Since most existing data systems are specific to one segment of the 
educational pipeline, even the best indicators are typically snapshots 
taken from the inside of a silo. The resulting measures of success 
have thus focused on processes rather than outcomes, and they are 
extremely limited in what they can tell us about our success in creating 
the human capital we need. For instance, a high school might be proud 
of the percentage of its 9th graders who graduate on time. But if large 
numbers of those students subsequently fail to enter and complete 
college, should the high school be eager to declare victory? And what 
happens to these graduates after their educational experiences are 
concluded? We don't know much, for example, about what happens 
to students after they leave our colleges and universities (or schools, 
especially when they do not move on to college) with respect to their 
mobility and experiences in the labor market. Do they leave the state? 
What industries are they working in? 

A more effective data system for accountability and policy and practice 
improvements could provide answers to such questions. Integrated to 
enable large-scale longitudinal analyses to support state educational 
and workforce development policy, student or individual unit-record 
data, linked together across K-12 education, postsecondary education, 
and the workforce, comprise what we call a human capital development 
data system (HCDDS). An HCDDS should be able capable of: 

• Tracking the stock and flow of the skills and abilities (represented by 
education and training) of various populations within a given state. 

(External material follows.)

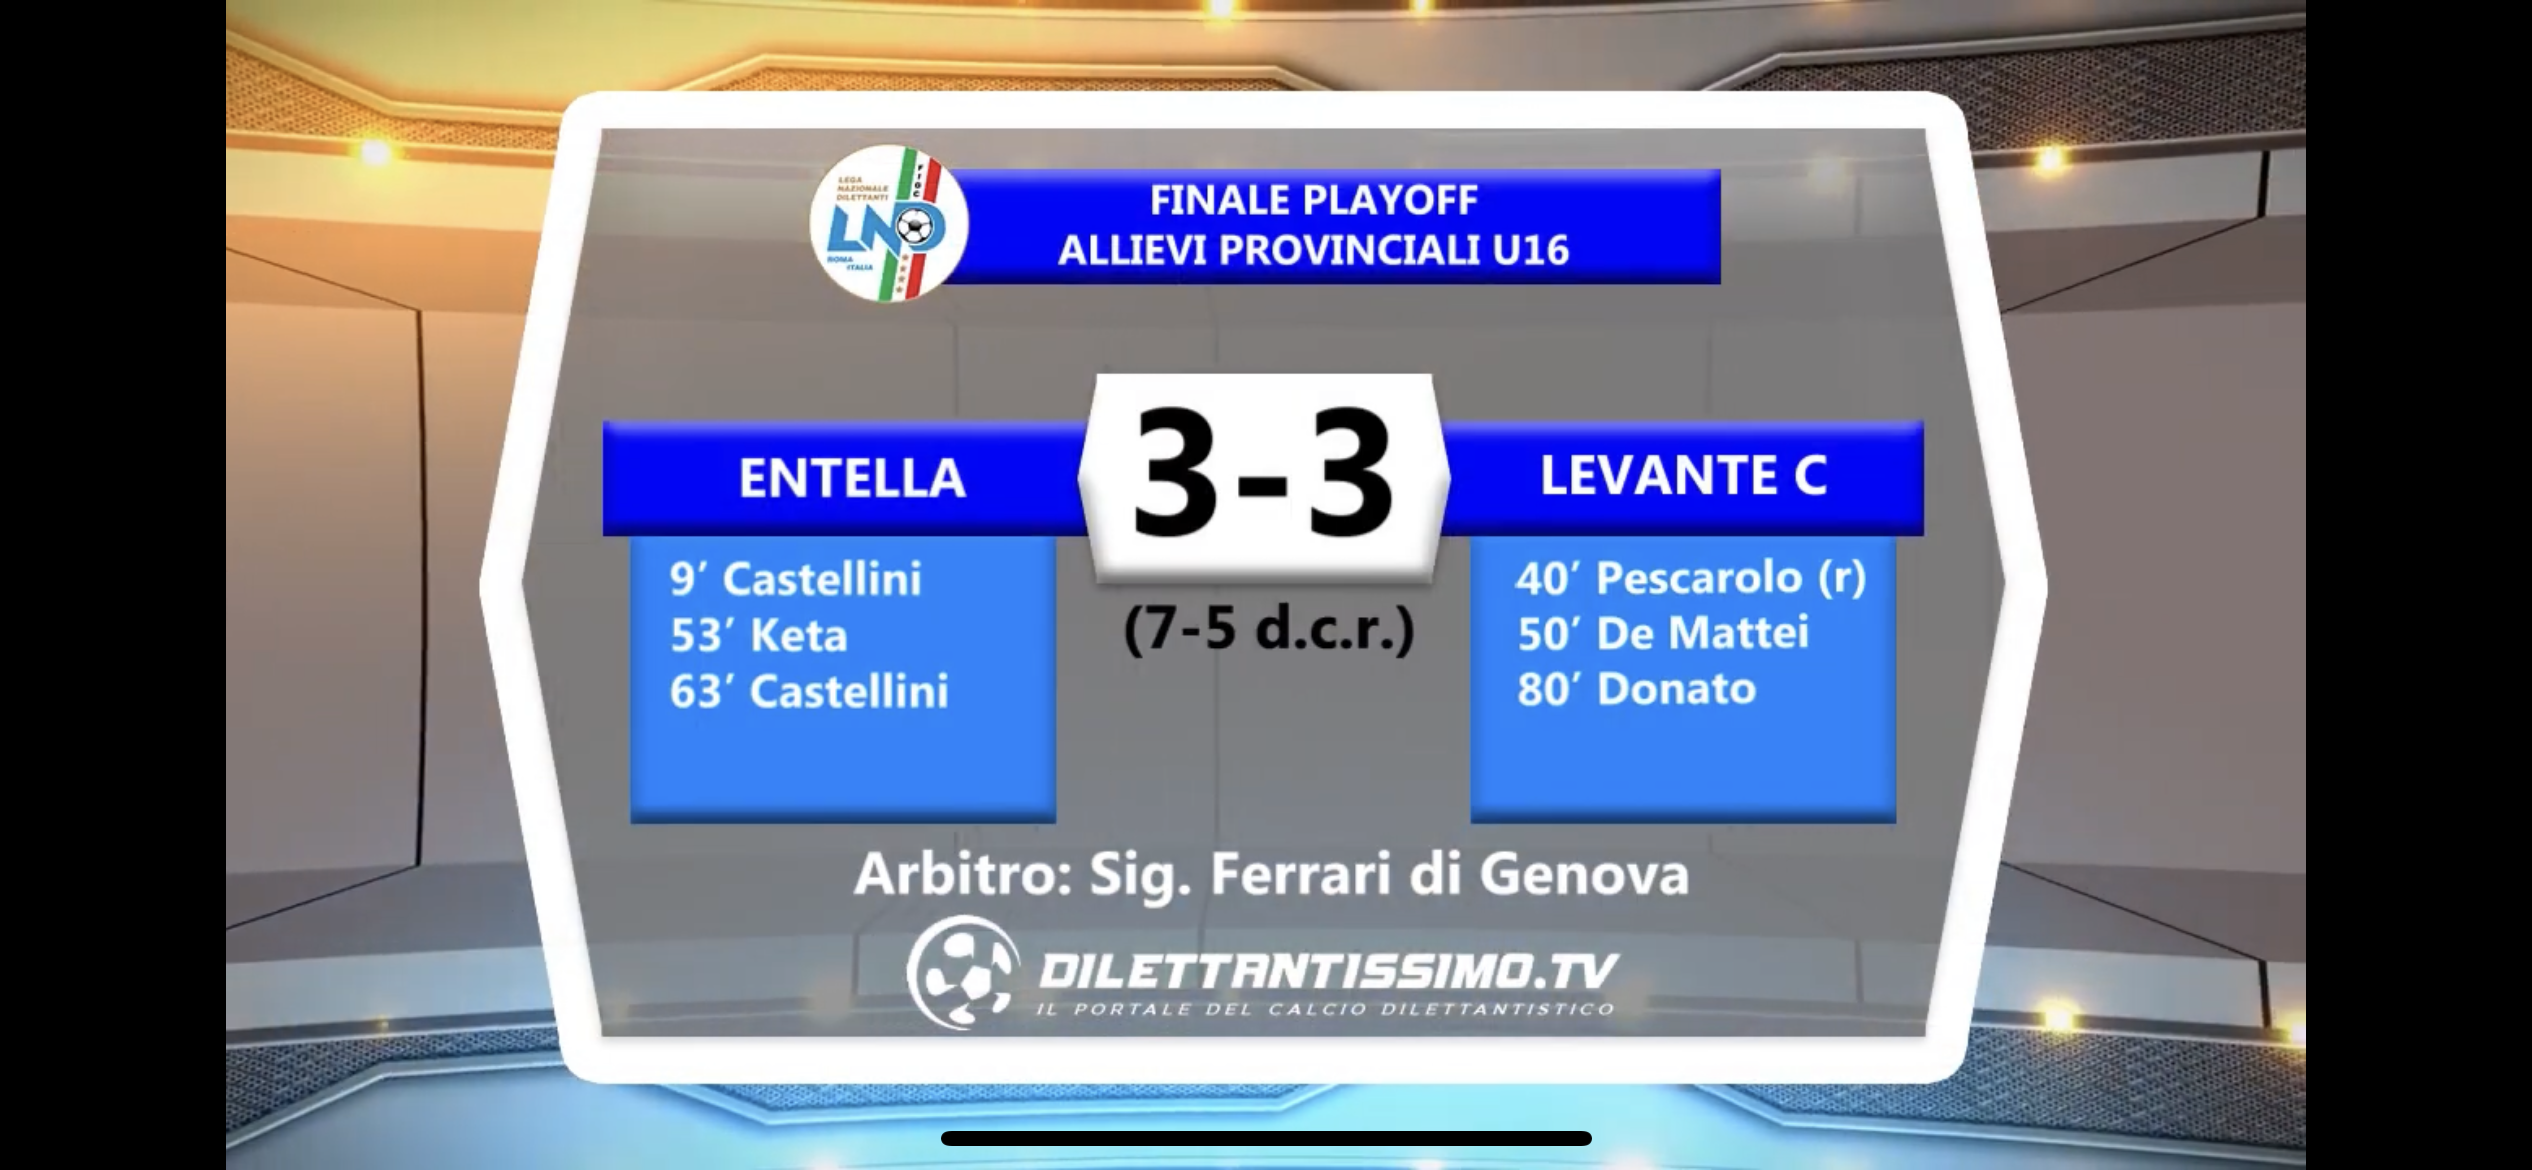 FINALE: ENTELLA- LEVANTE C 7-5 dcr

• Examining the gaps in educational attainment between population 
groups, based on demography and socio-economic status. 

• Incorporating information from multiple states, given the mobility 
of the U.S. population and the fact that many population centers are 
located on state boundaries. 

Reorienting accountability arrangements around longitudinal data 
acknowledges that developing productive citizens is a core goal of all 
levels of education. While workforce development is not the only goal 
of education, it is the one that is the most systematically measureable 
- through existing data collection activities undertaken by state and 
federal agencies responsible for labor market information. Focusing on 
workforce development also acknowledges that students and families 
throughout the nation typically say that their principal reason for 
seeking a college education is to improve their employment prospects. 
Finally, this focus recognizes that many of the other benefits of 
education - including civic engagement, volunteerism, good health, and 
aesthetic appreciation - tend to accrue disproportionately to those who, 
by virtue of their employment, have a steady source of income.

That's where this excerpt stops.